Start of DATA TO PROCESS

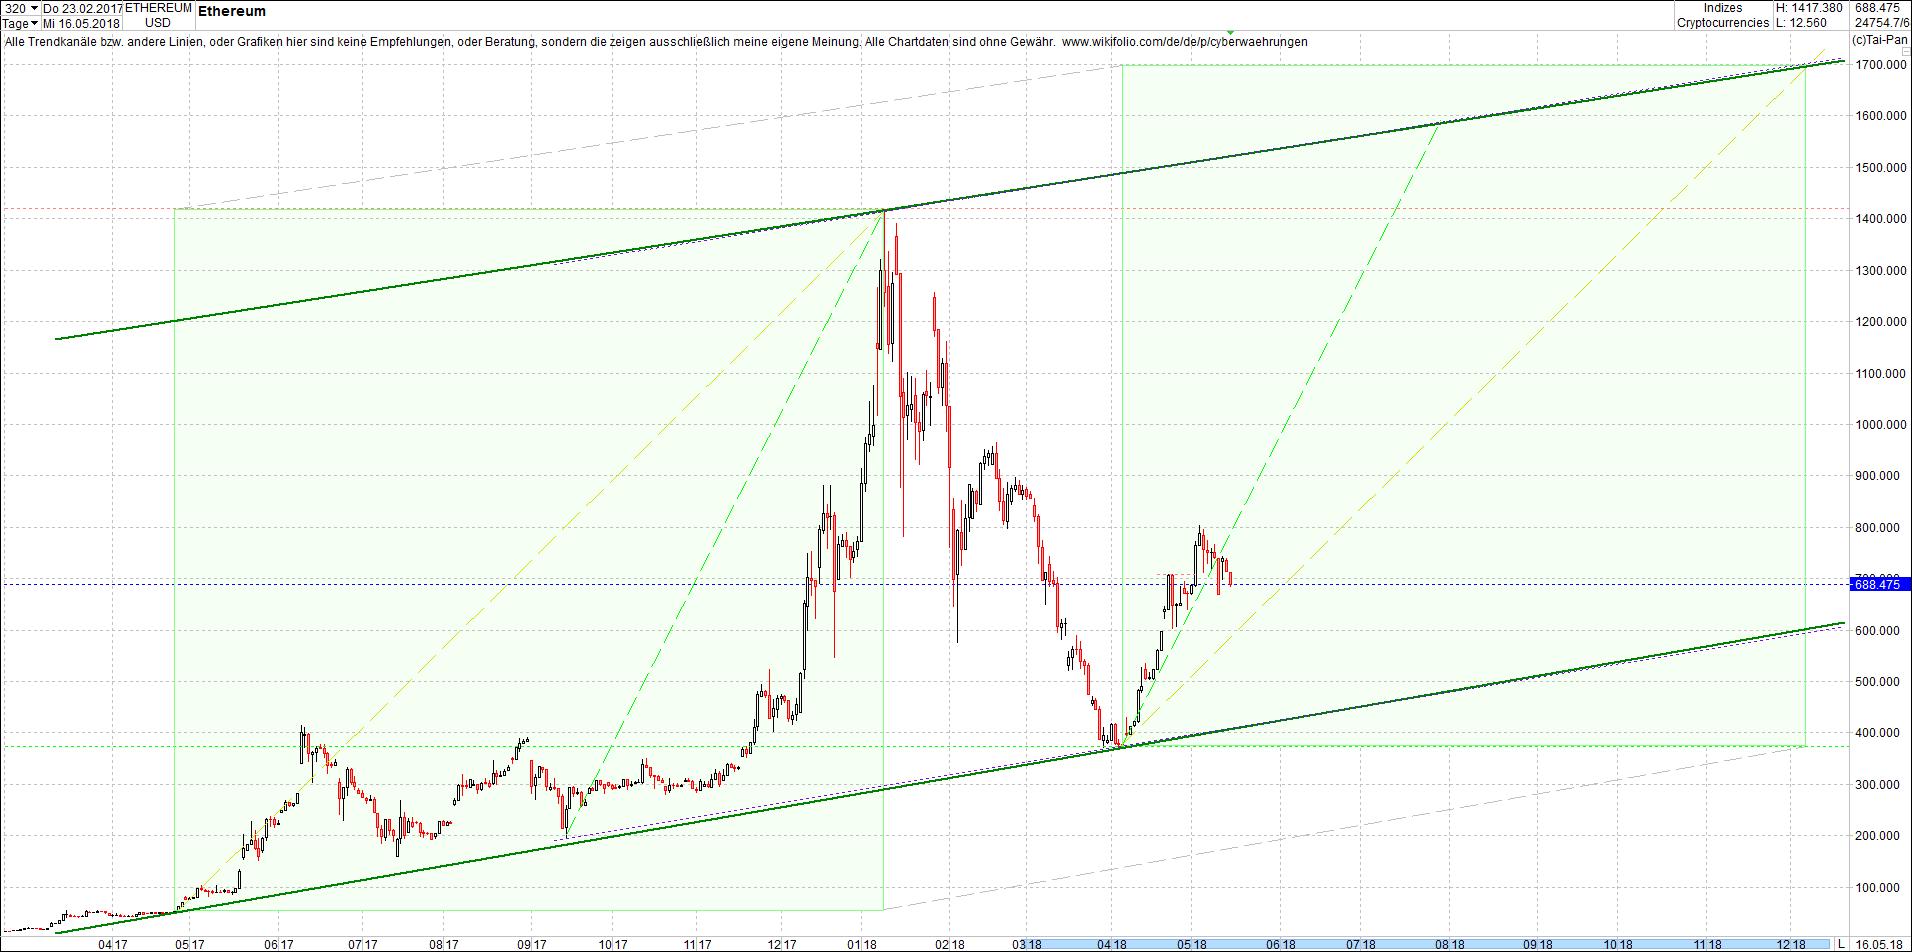 ethereum_chart_von_heute_morgen5.png
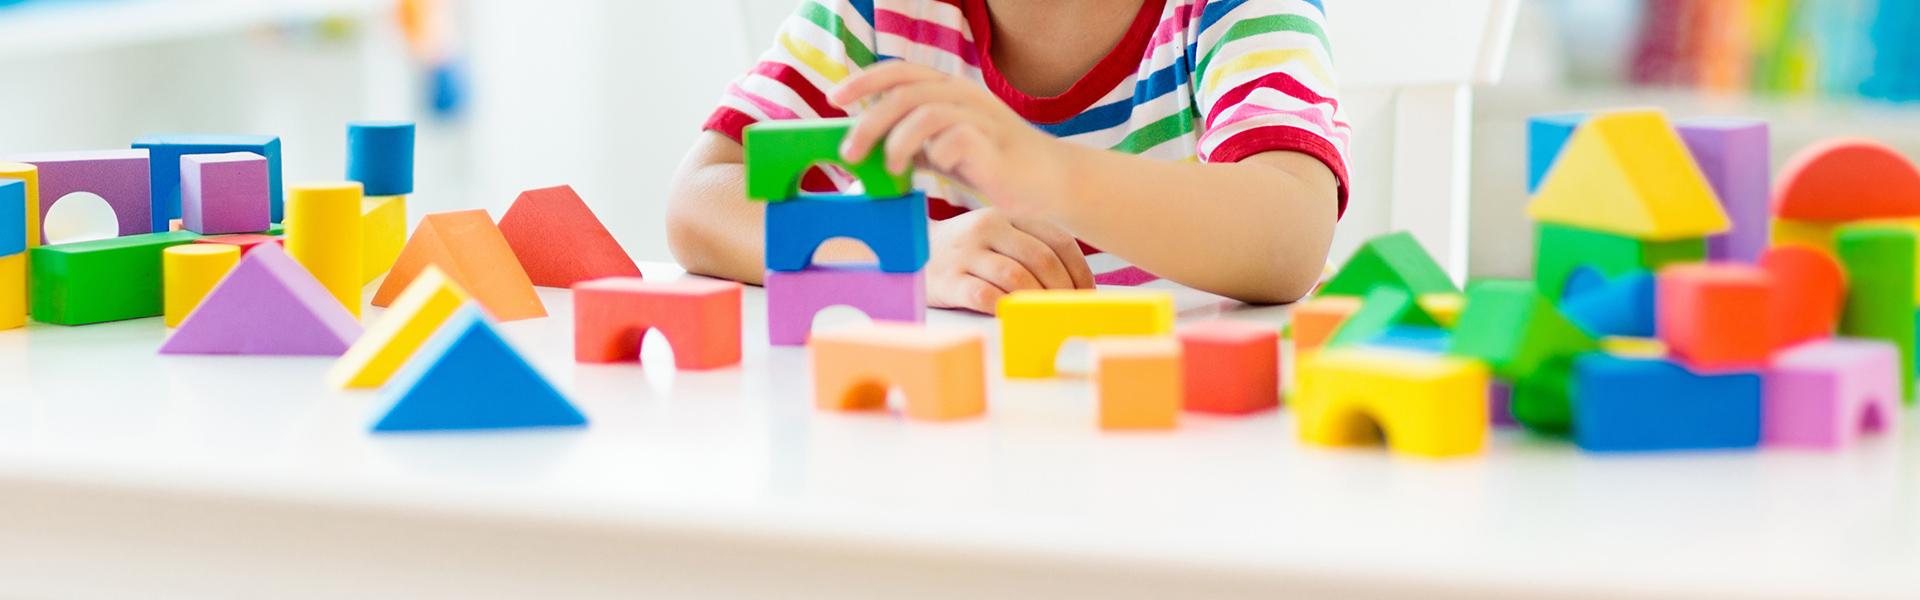 幼児教育について
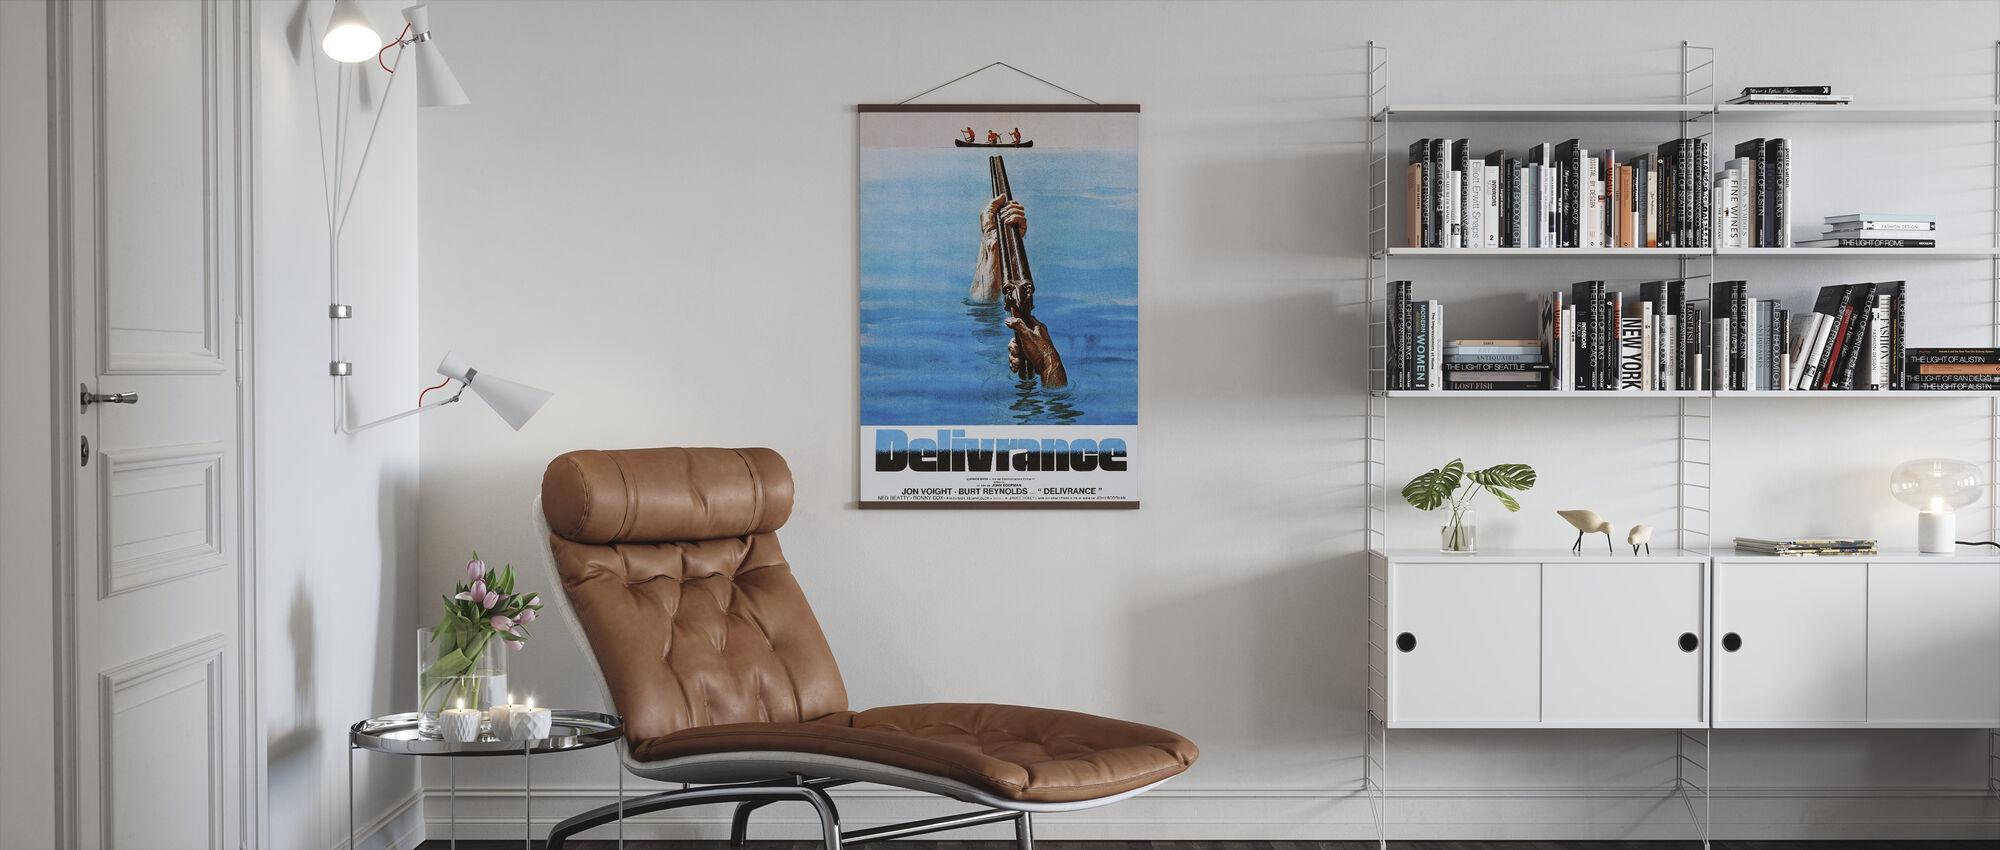 Deliverance - Poster - Living Room
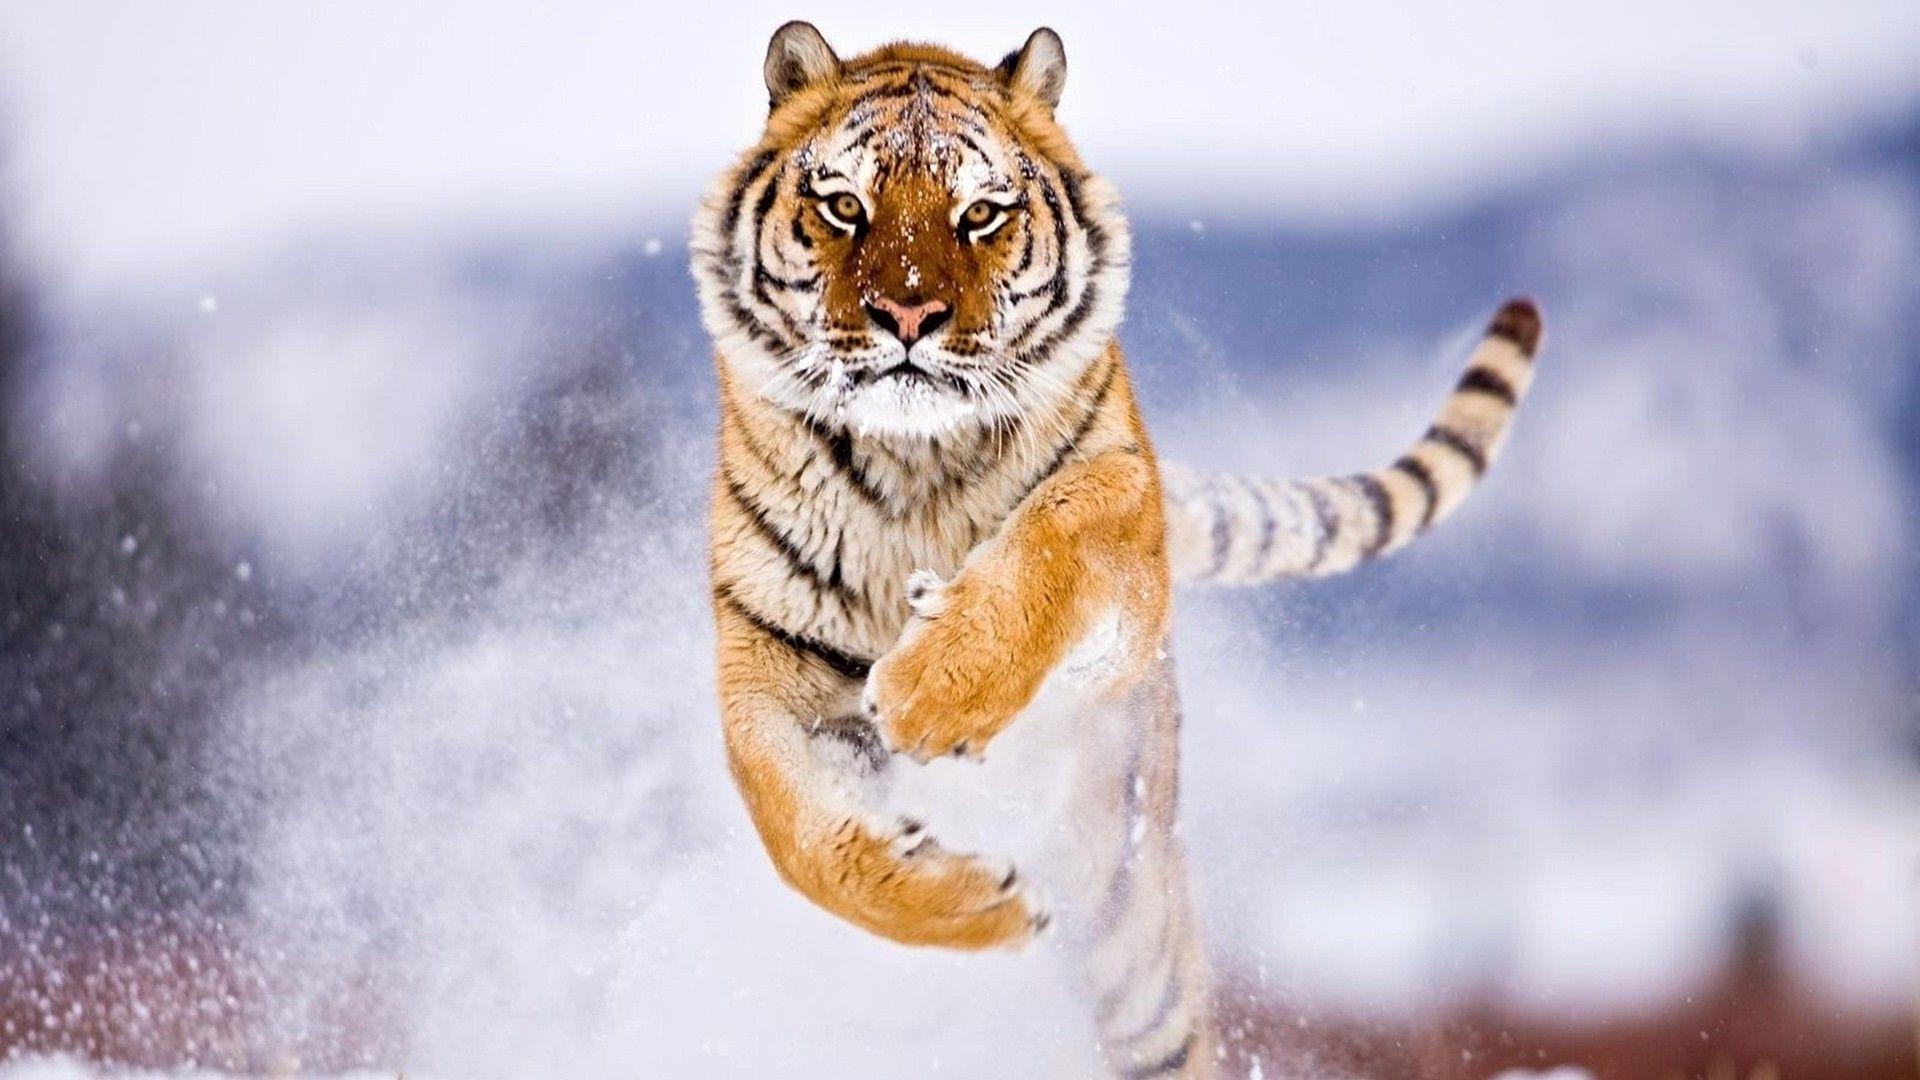 Running tiger wallpaper hd
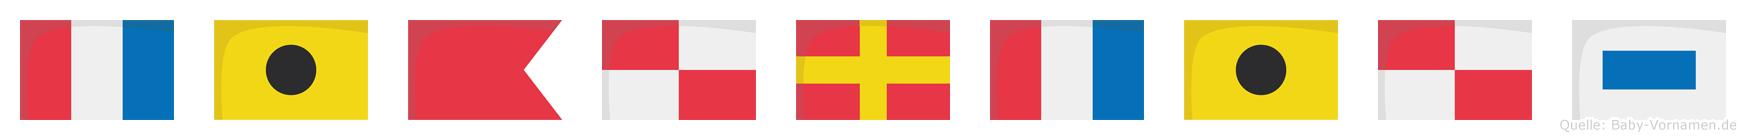 Tiburtius im Flaggenalphabet

End of DATA TO PROCESS

* [WORK ITEM] Leaving out every picture, transcribe exactly the lines from the line that contains "Deliverance - Poster - Living Room" through the final line of the entries above.

* [EXERCISE SOLUTION]
 Deliverance - Poster - Living Room
 Running tiger wallpaper hd
 Tiburtius im Flaggenalphabet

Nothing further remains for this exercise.